Air Force Chaplains Dispel Myth of Chaplaincy

US Air Force and Air Force Reserve chaplains recently helped support exercises occurring at Travis Air Force Base, California:

For Chaplain (Maj.) Matthew Ellis, for the 349th Air Mobility Wing, interacting with military members during exercises helps build relationships and a healthy level of comfort for Airmen.

In an interesting note, the article makes a point of saying [emphasis added]:

There is a myth that chaplains are only for people who are spiritual or religious, and that’s very much not the case, Ellis said.

It is a chaplain’s duty to provide protection for Airmen’s First Amendment rights.

It is true that some people think chaplains are only for “religious” troops, when in fact chaplains are tasked to support the religious rights of all troops. (Technically, not “First Amendment rights,” since chaplains arguably don’t have anything to do with free speech, assembly, or the press.)

It’s also interesting the article went out of its way to remind people the law actually protects troops’ religious expression, too.

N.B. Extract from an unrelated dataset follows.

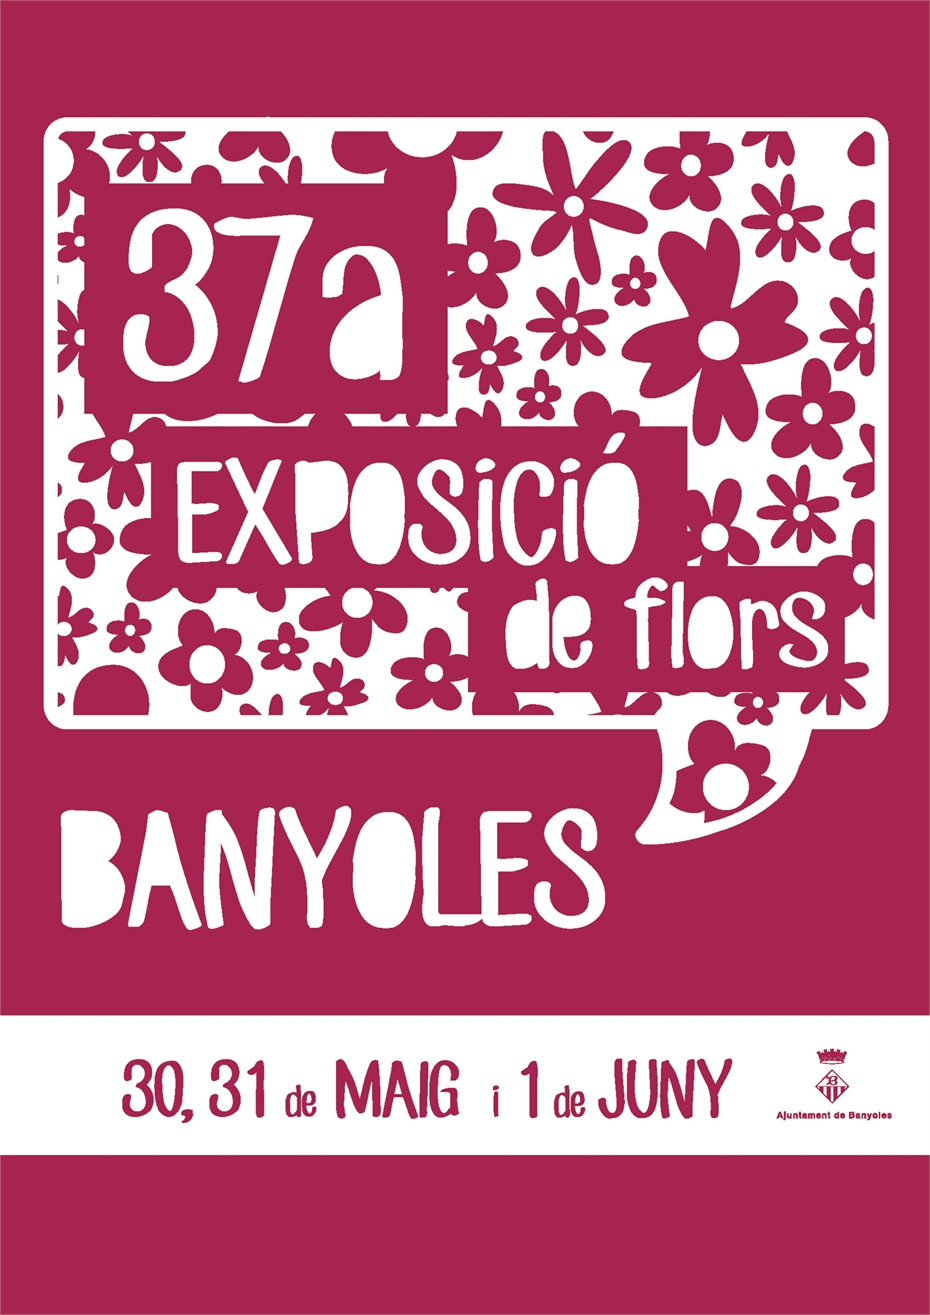 cartell exposicio de flors de Banyoles(1).jpg - 448.45 KB

From CMSgt Darmel Richardson, the AFRC individual mobilization augmentee chaplain assistant functional manager:

The Chaplain Corps is about allowing individuals to express their own faith, whatever that may be, Richardson said.

Technically, the Chaplain Corps doesn’t “allow” troops to express their faith — military commanders are responsible for protecting that right, and chaplains advise them on doing so. Still, it is a worthy effort in communicating an oft-missed liberty retained by US military troops — not one abdicated by virtue of their military service.